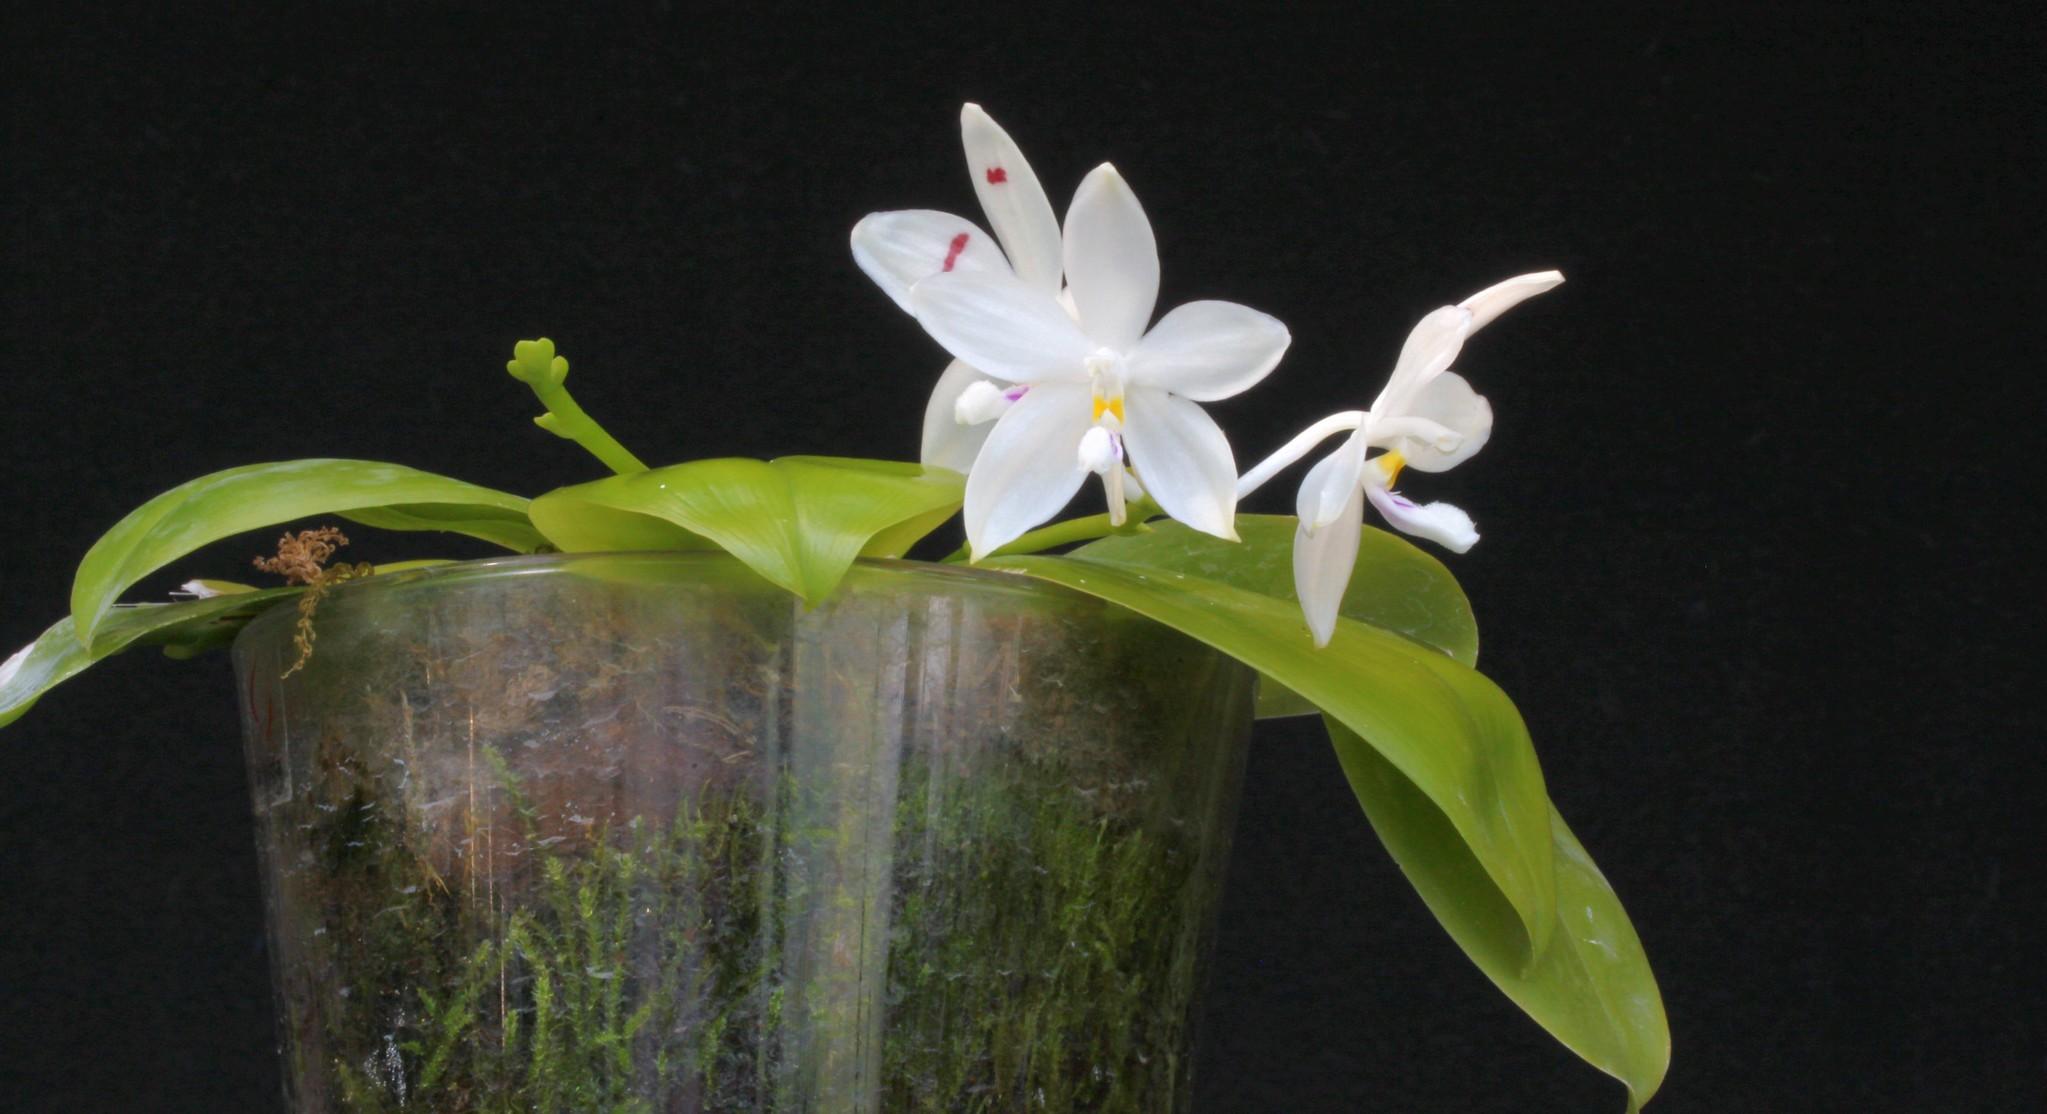 Phalaenopsis speciosa blue x speciosa red 51425622871_7df7f02cc8_k
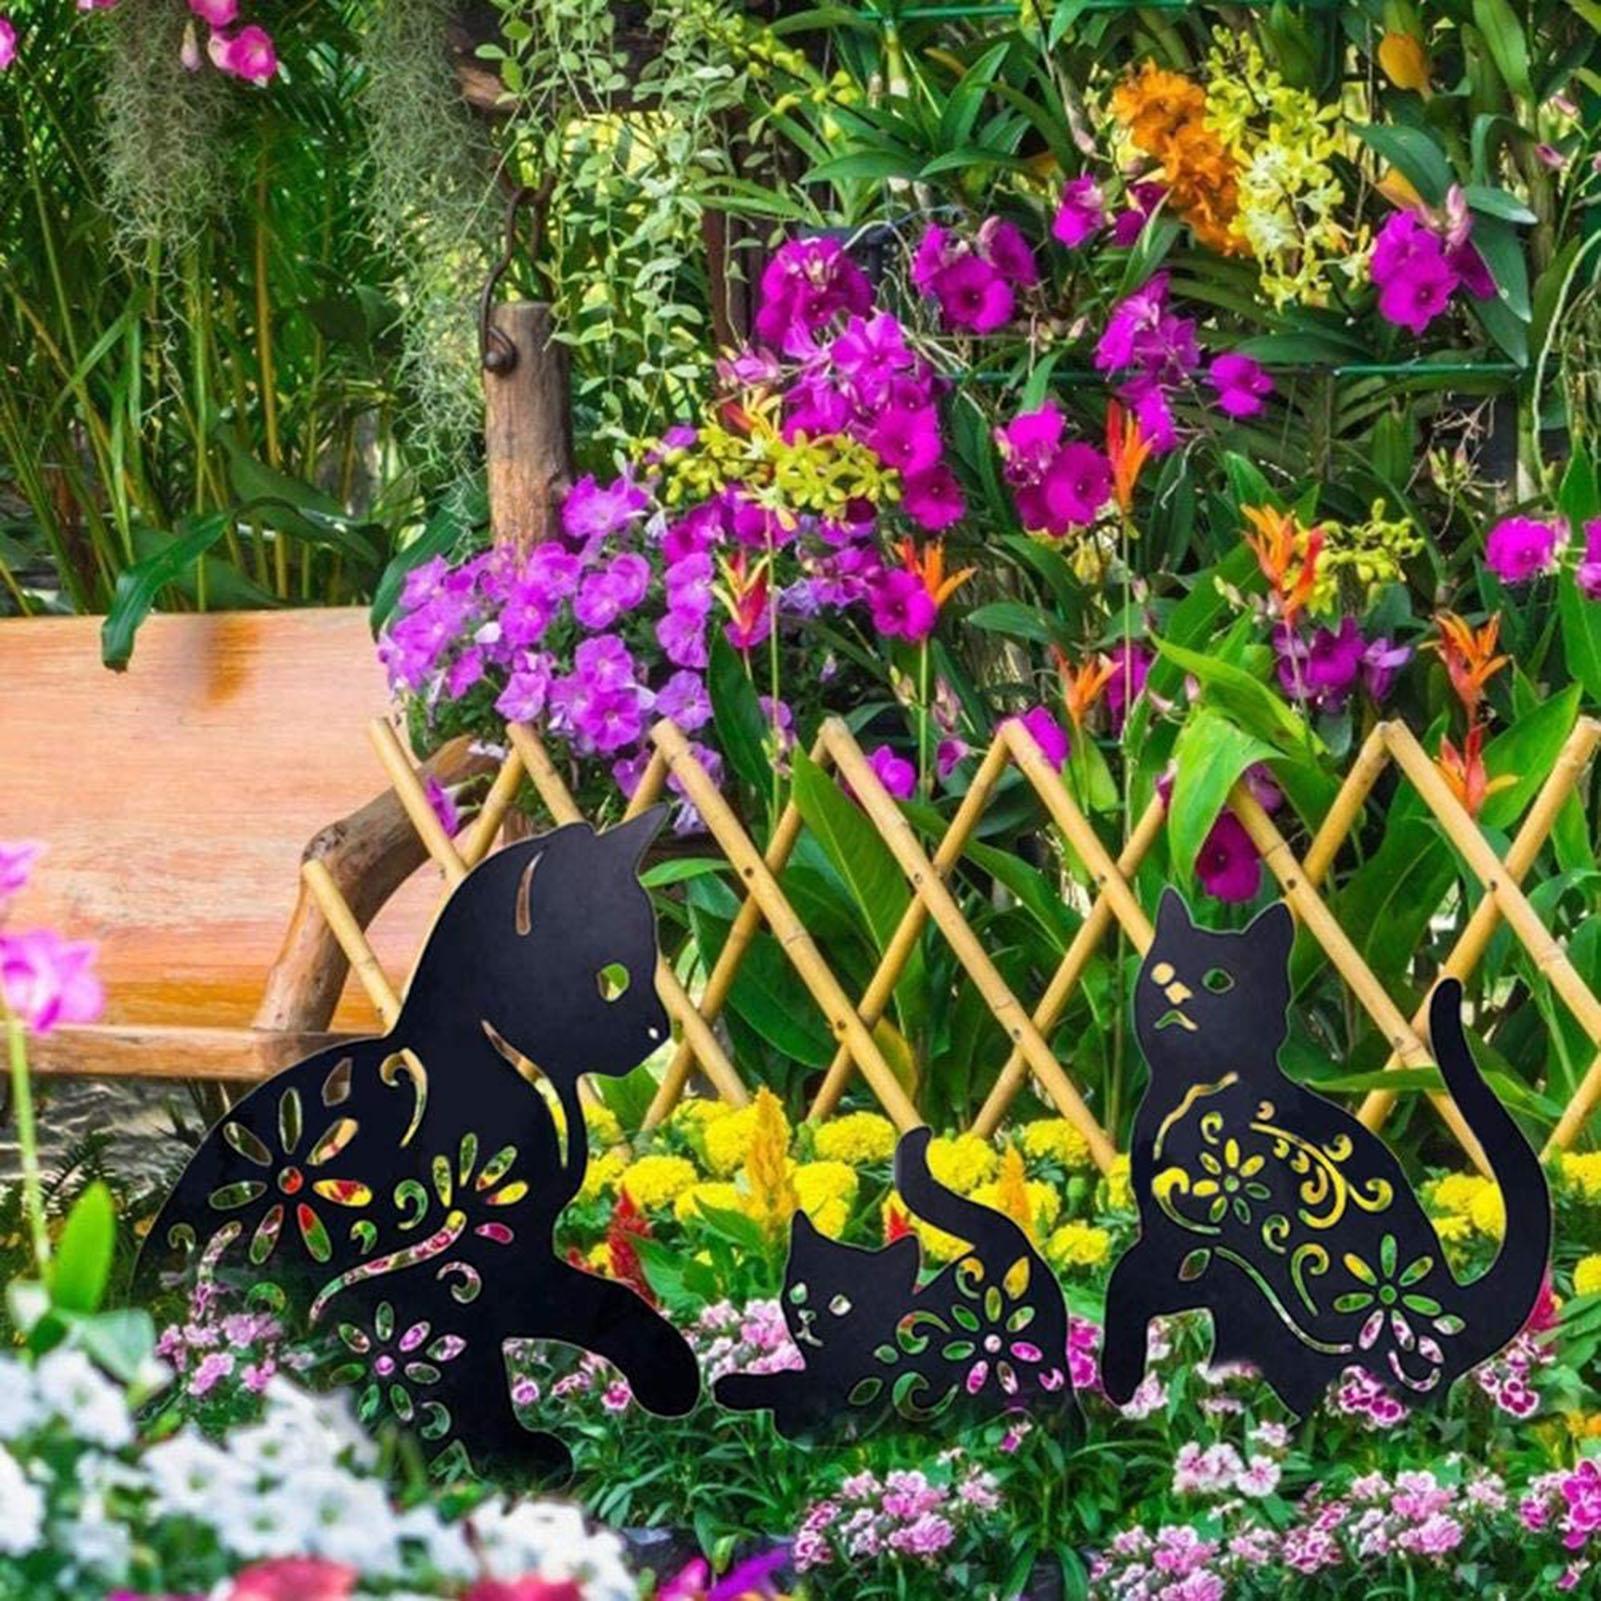 2D القط الشكل إدراج الأرض ديكور الجوف نابض بالحياة هريرة معدنية تمثال الوتد للخارجية حديقة مانور الحديقة السوداء B1
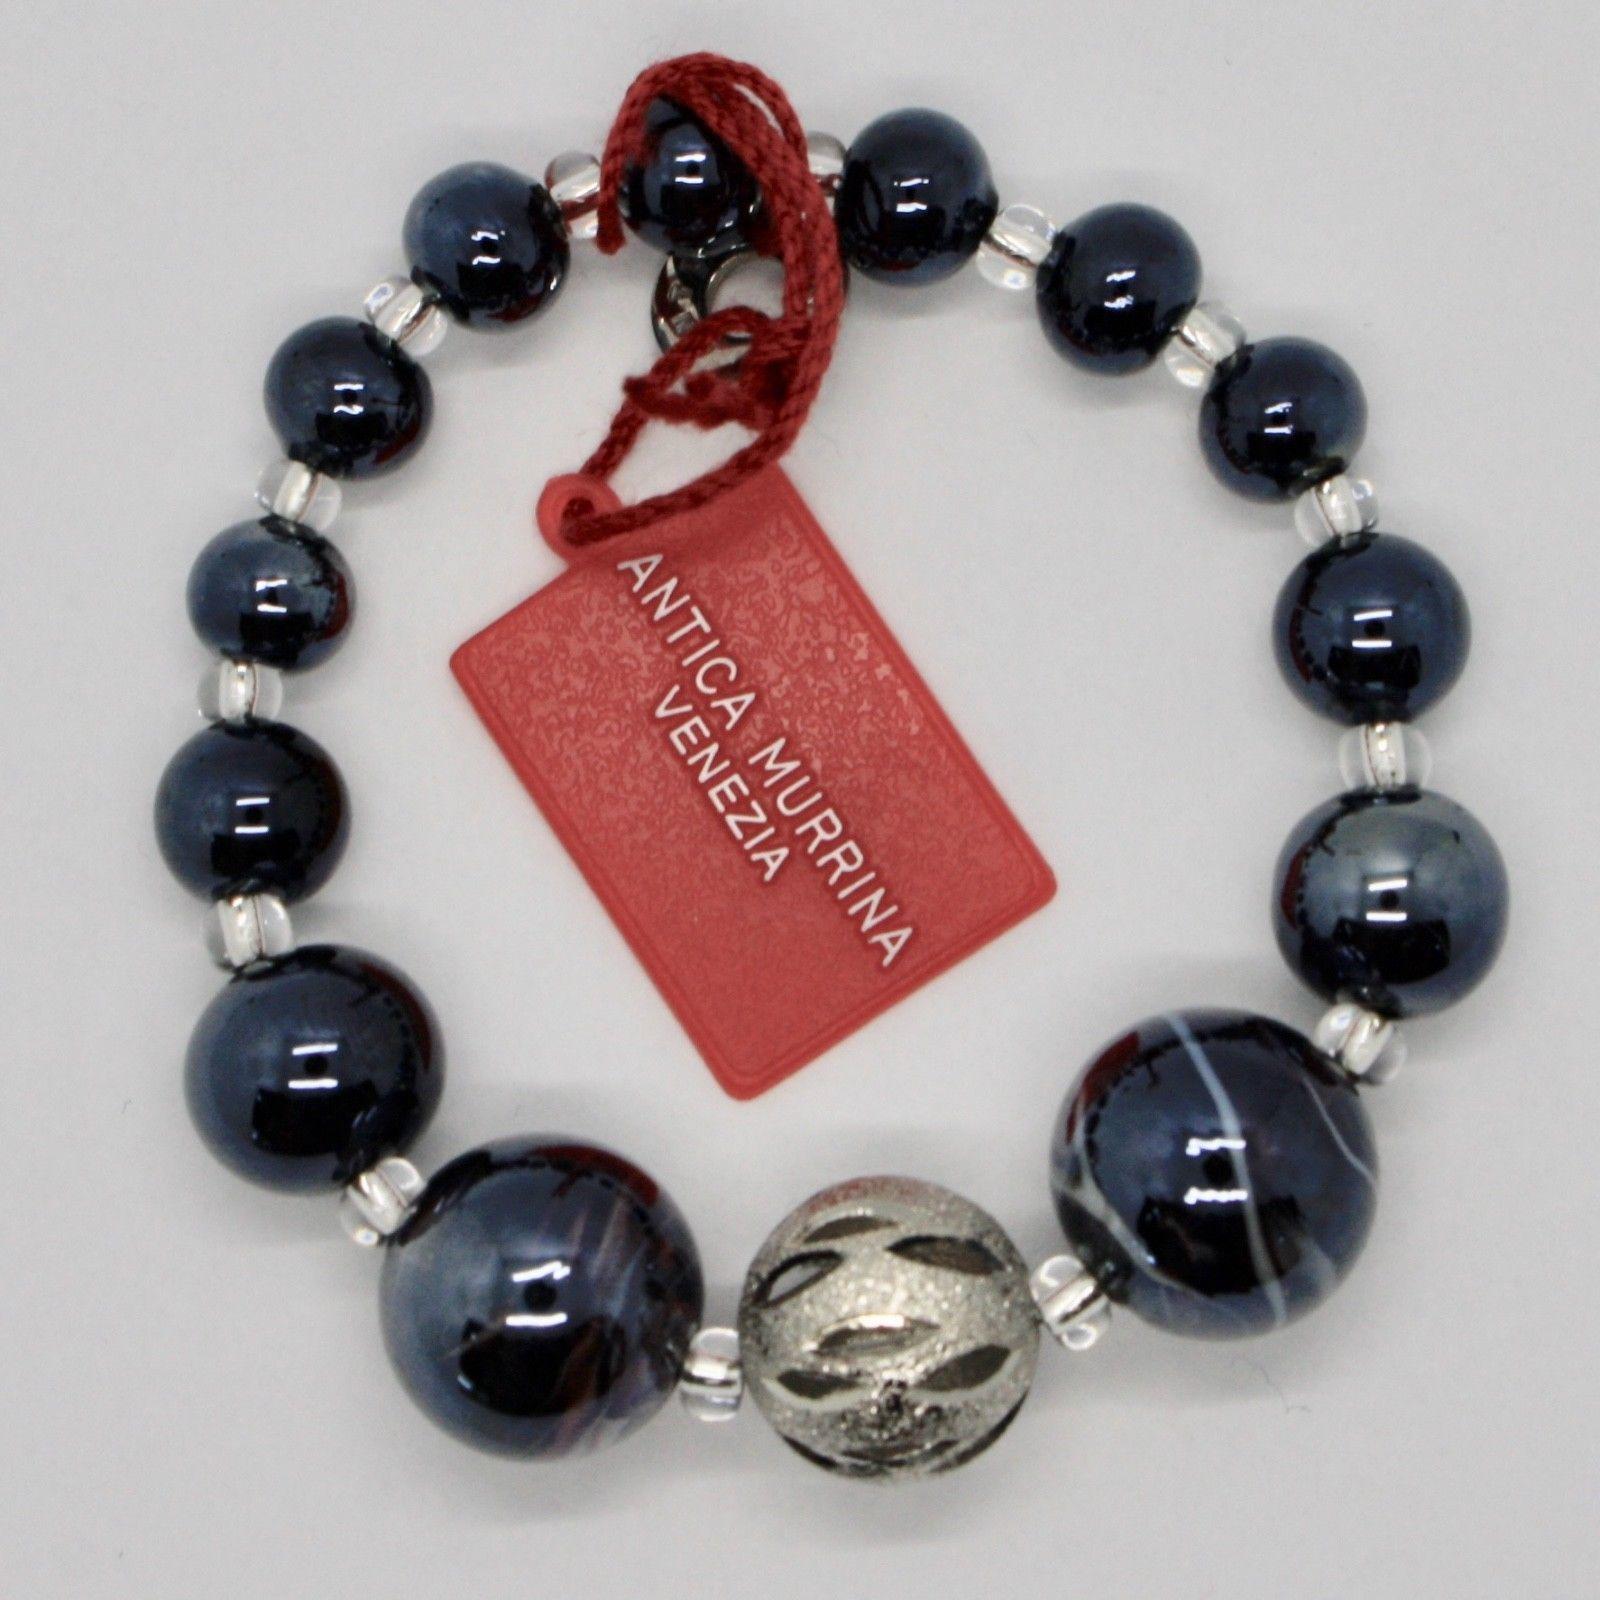 ANTICA MURRINA VENEZIA BRACELET WITH MURANO GLASS BLACK SILVER BEIGE BR678A14

════════

◆ ASSIGNED TASK
With the pictures omitted, print each line of the data above precisely as given.

◆ WRITTEN ANSWER
 Phalaenopsis speciosa blue x speciosa red 51425622871_7df7f02cc8_k
 2D القط الشكل إدراج الأرض ديكور الجوف نابض بالحياة هريرة معدنية تمثال الوتد للخارجية حديقة مانور الحديقة السوداء B1
 ANTICA MURRINA VENEZIA BRACELET WITH MURANO GLASS BLACK SILVER BEIGE BR678A14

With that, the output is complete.